Methods: A total of 779 students (405 students from University of Grodno (UG), Belarus, and 374 students from John Paul II University of Applied Sciences (ABNS) in Biala Podlaska, Poland) took part in the study. Women constituted 74.2% of the study population. A diagnostic survey as well as two research tools, i.e., the International Physical Activity Questionnaire (IPAQ)—short form, and the Tampa Scale for Kinesiophobia (TAMPA) were employed in the study.

Results: Students from ABNS manifested significantly higher levels of PA. Taking into account gender, male respondents displayed significantly higher levels of MET-min/week (MET—metabolic equivalent of task). As for kinesiophobia, significantly higher levels were demonstrated by students from UG. Its higher levels were also noted among women.

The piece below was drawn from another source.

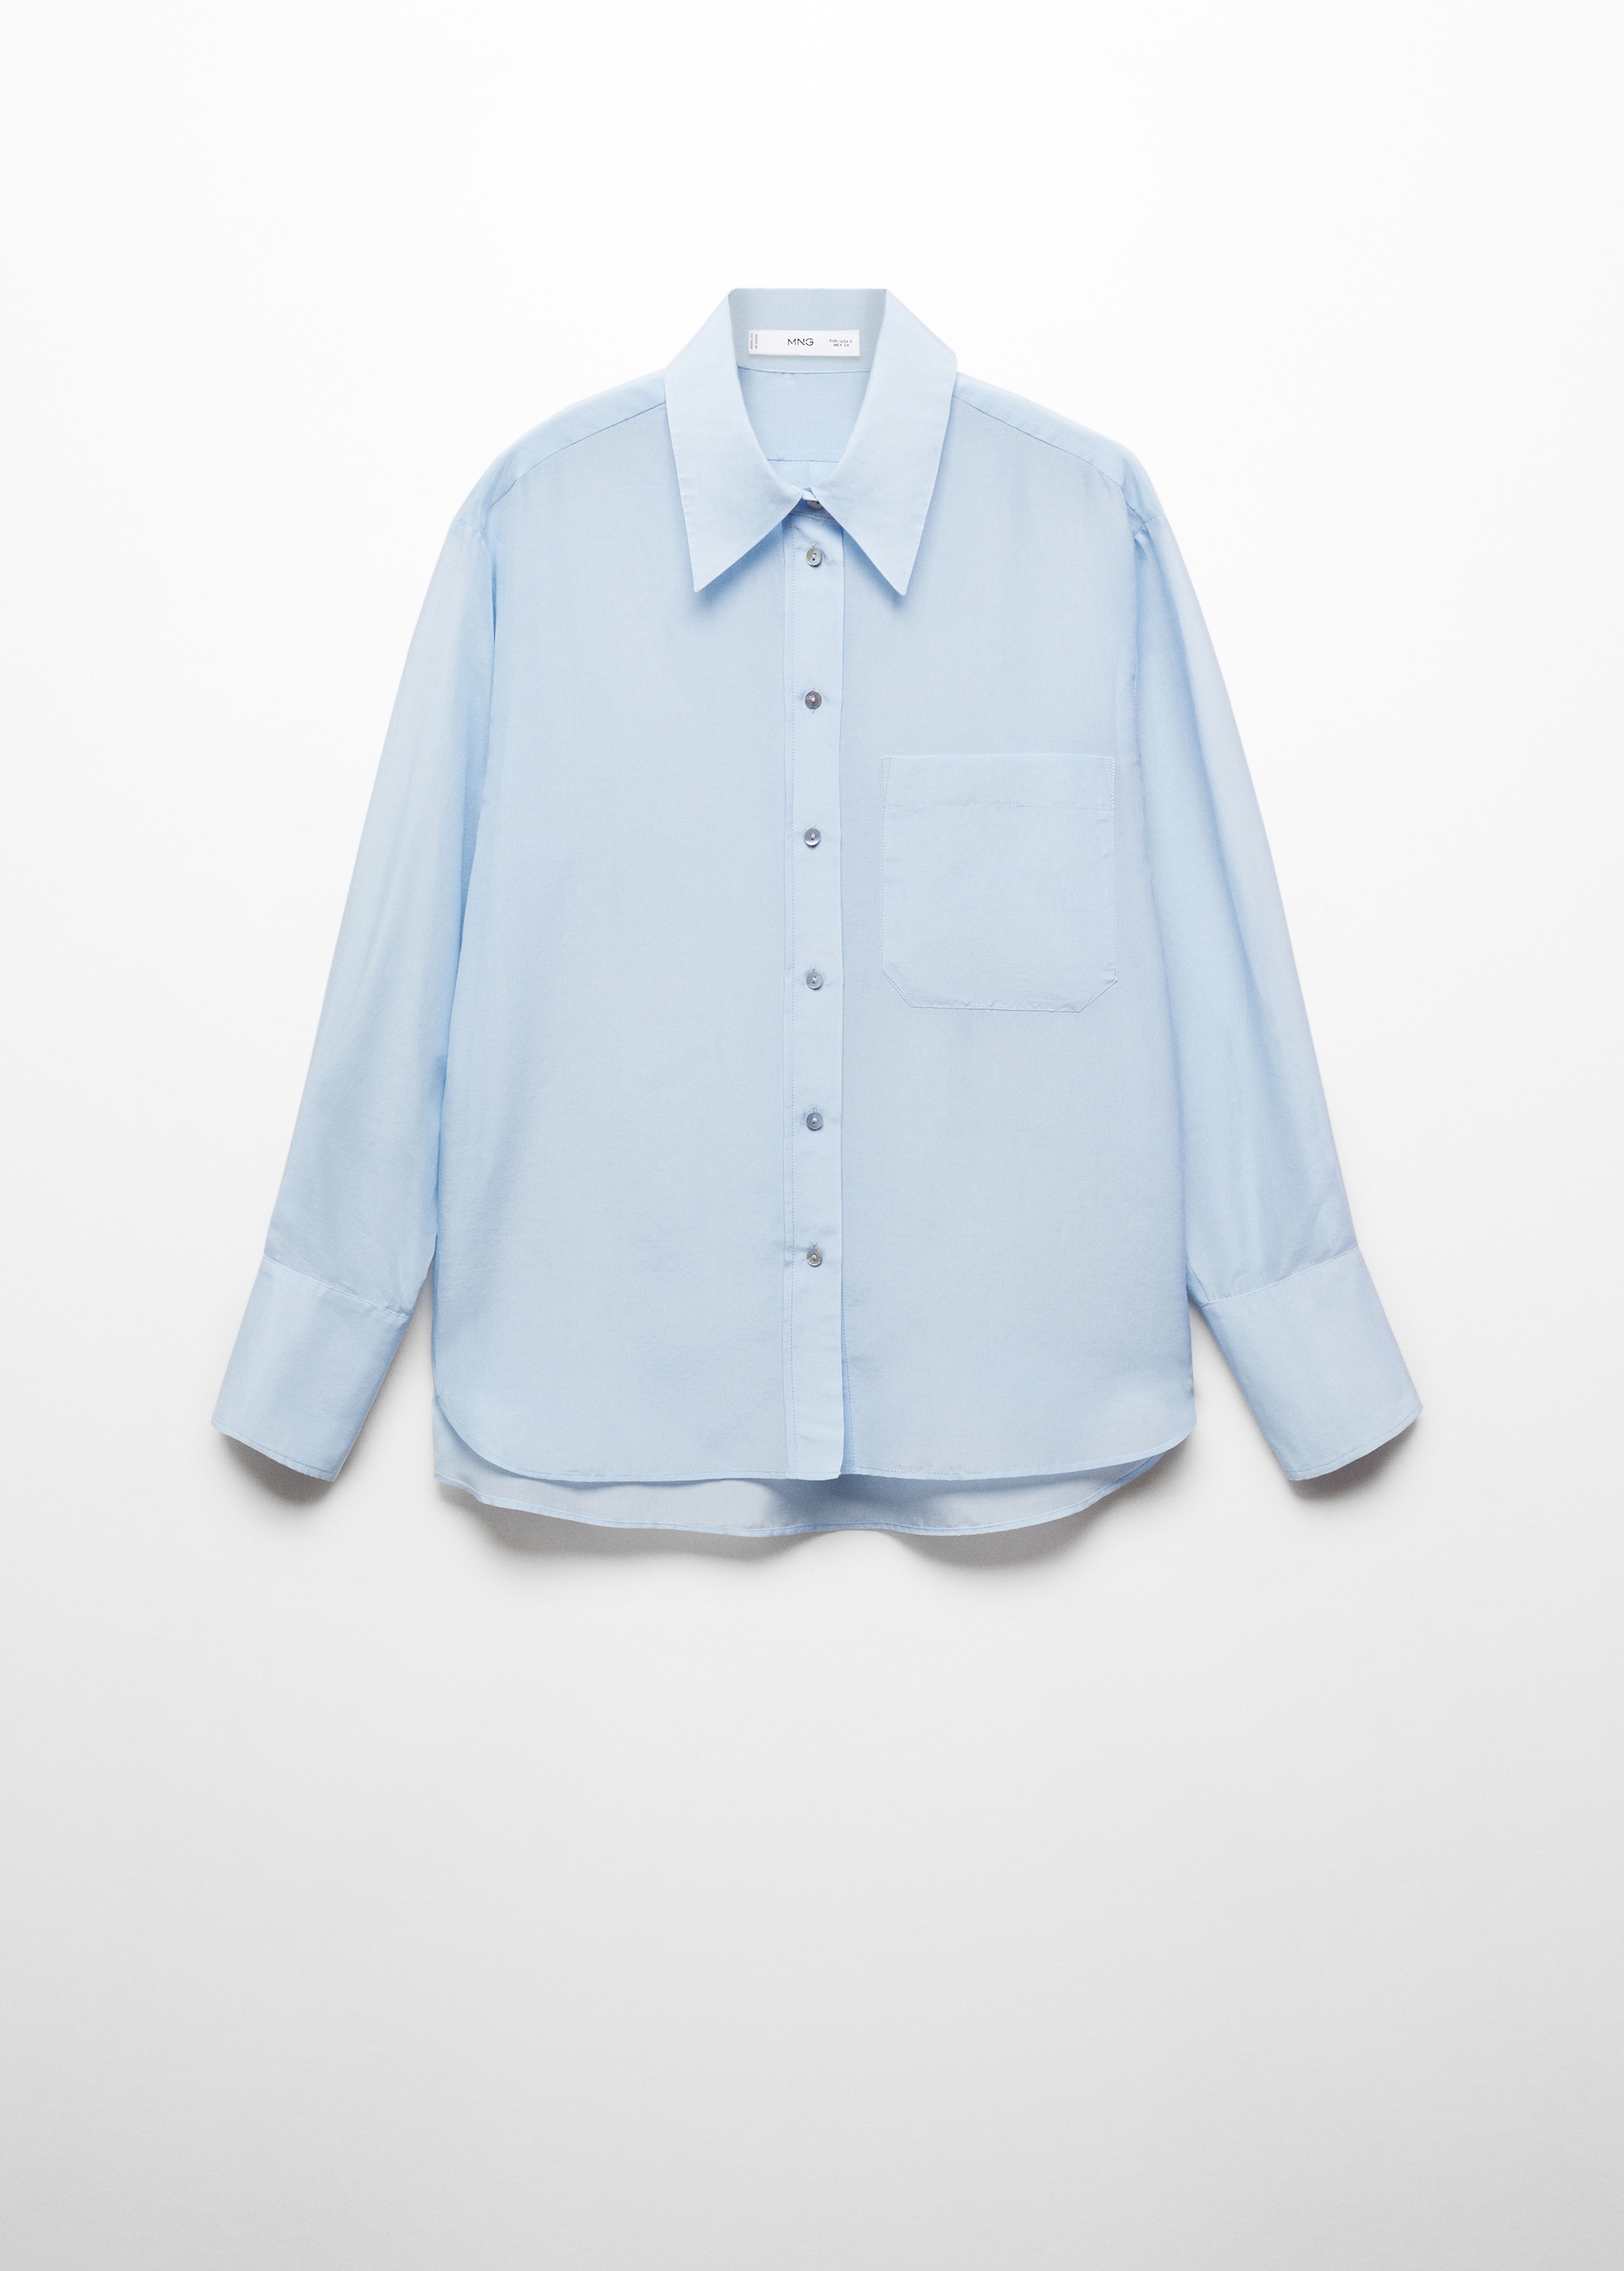 Camisa algodón seda oversize - Artículo sin modelo

Conclusion: The findings of the study did not reveal strong correlations between kinesiophobia and PA levels in students from Poland and Belarus in the context of different approaches to the pandemic that both countries adopted. Students from ABNS proved to be more physically active. In turn, participants from UG exhibited significantly higher levels of kinesiophobia. Gender was the factor that significantly differentiated levels of kinesiophobia, with women displaying its higher levels.

1. Introduction

Physical activity (PA) is one of the most important and fundamental human needs that contributes to maintaining and improving health. It helps to prevent and treat non-infectious diseases and exerts a positive influence on mental health, quality of life and well-being (1). Properly administered, it can reduce negative effects of ageing processes and help to maintain full physical, mental and social health for as long as possible (2). Unfortunately, some negative changes in the levels of PA and well-being caused by COVID-19 have been noted recently. After the World Health Organization (WHO) had declared the state of pandemic in 2020 (3), a lot of countries (including Poland) imposed restrictions aimed at reducing the spread of SARS-CoV-2. The restrictions forced people to change their PA habits (4).

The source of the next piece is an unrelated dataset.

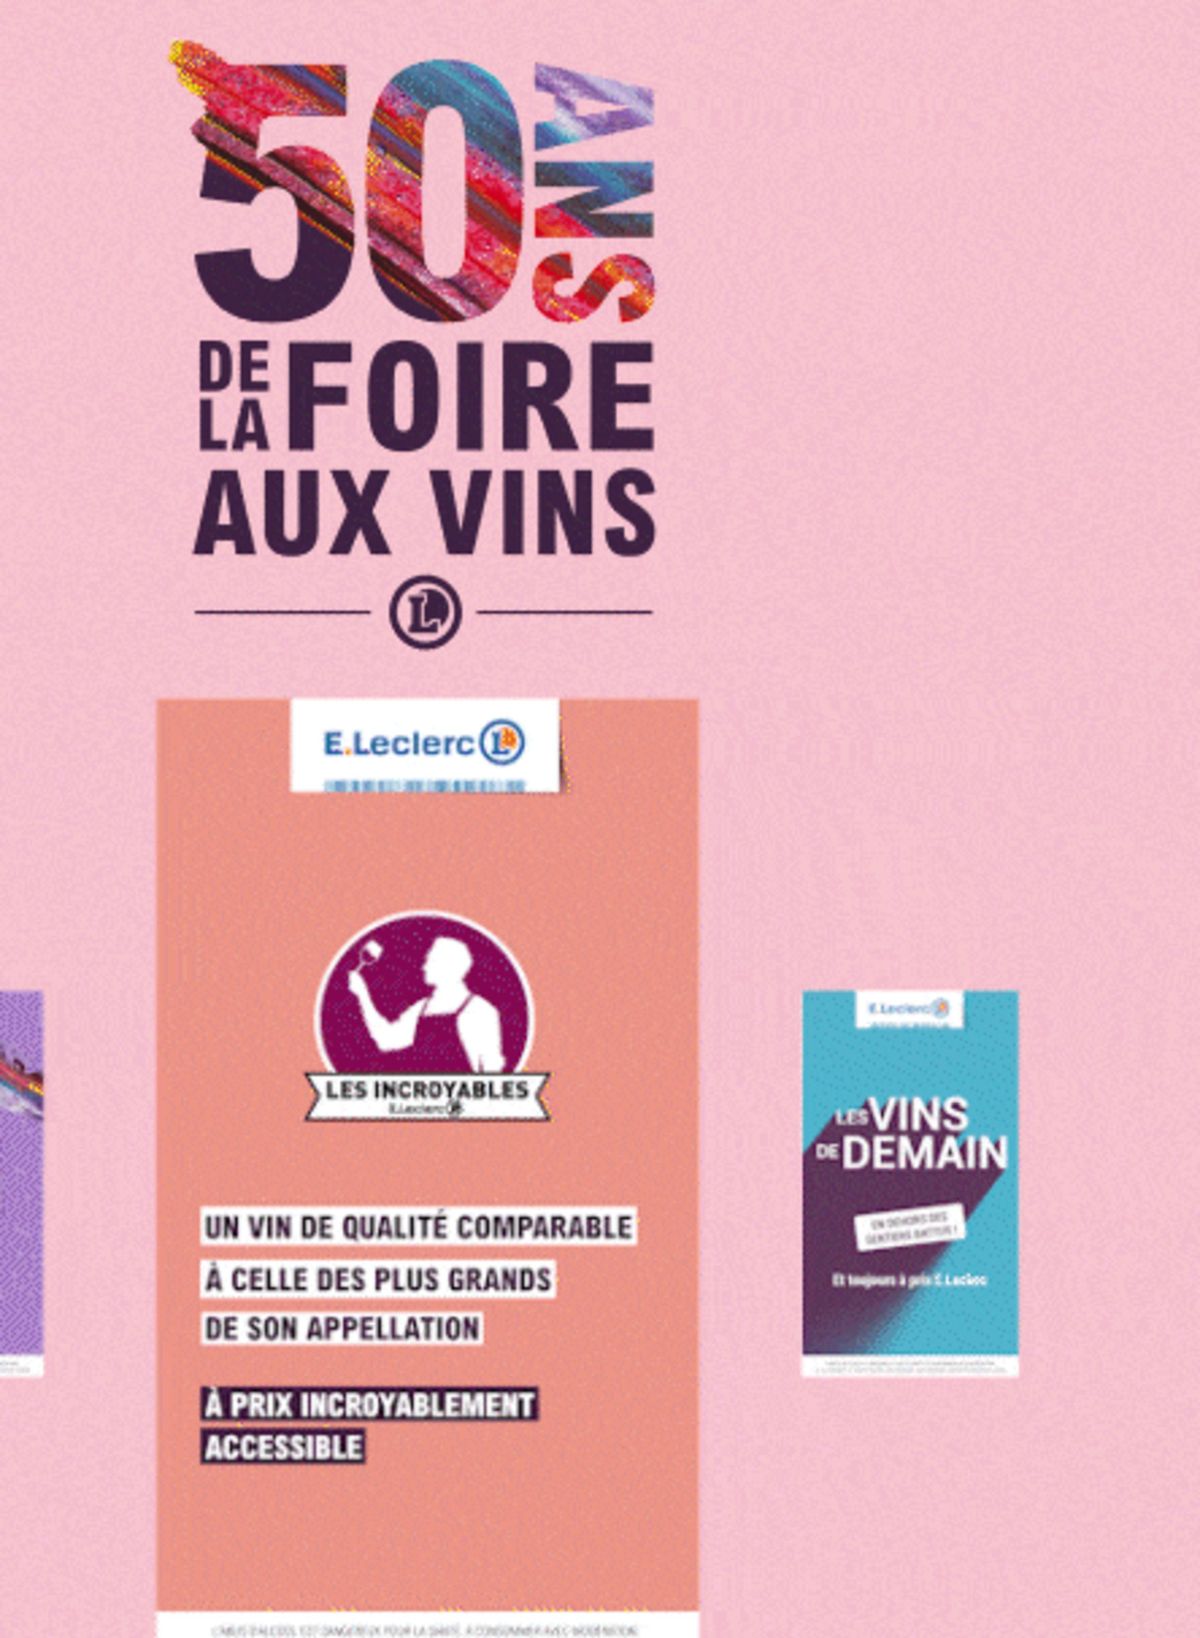 Catalogue Foire Aux Vins - Mixte, page 00681

Similar to other European Union countries, Poland introduced tough restrictions (lockdown) to prevent the spread of the disease. The approach adopted by Belarus was much less restrictive compared to that taken in Poland. Belarus was one of the few Eastern European countries that did not impose any quarantine. Belarus did not adopt a similar antipandemic strategy, denied the presence of the virus and took no action during the first months of the pandemic. The two countries adopted completely different attitudes to the COVID-19 pandemic, which may have affected PA and kinesiophobia levels in the populations.

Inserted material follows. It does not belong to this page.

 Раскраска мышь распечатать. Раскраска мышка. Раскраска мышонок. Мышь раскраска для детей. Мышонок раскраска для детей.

1.1. Pandemic background worldwide and in the two studied countries

COVID-19 was first noted in Wuhan (China) in December 2019. It quickly spread to all parts of the world. In most countries, coping with the virus was based on introducing social distancing. The fact that people were forced to stay at home longer had a negative impact on their PA levels (5, 6). Such lifestyle changes caused by the COVID-19 pandemic may have long-term effects on physical and mental health of the population (7). A lot of individuals affected by the disease experienced various emotional, cognitive and physical disorders. These include stress, anxiety, depression, post-traumatic stress disorders and insomnia (8, 9). COVID-19 may also cause stress in individuals directly exposed to the virus, which may result in chronic anxiety and create financial difficulties (10). The factors that may magnify negative consequences of the pandemic include self-isolation, social distance or quarantine (1012).

While some pandemic-related stressors affect everyone, many have an impact on women in particular (13). Research shows that women experience higher levels of stress, anxiety, depression and post-traumatic stress disorders (14, 15).

Alsalhe et al. (10) confirm that the COVID-19 pandemic exerts a considerable influence on mental health, which is manifested, among others, by anxiety. Simultaneously, they stress the importance of PA in the process of alleviating anxiety symptoms. More and more evidence points to numerous benefits of taking up PA (16). Moderate-intensity PA improves immunological functions and reduces the risk of viral respiratory infections (17).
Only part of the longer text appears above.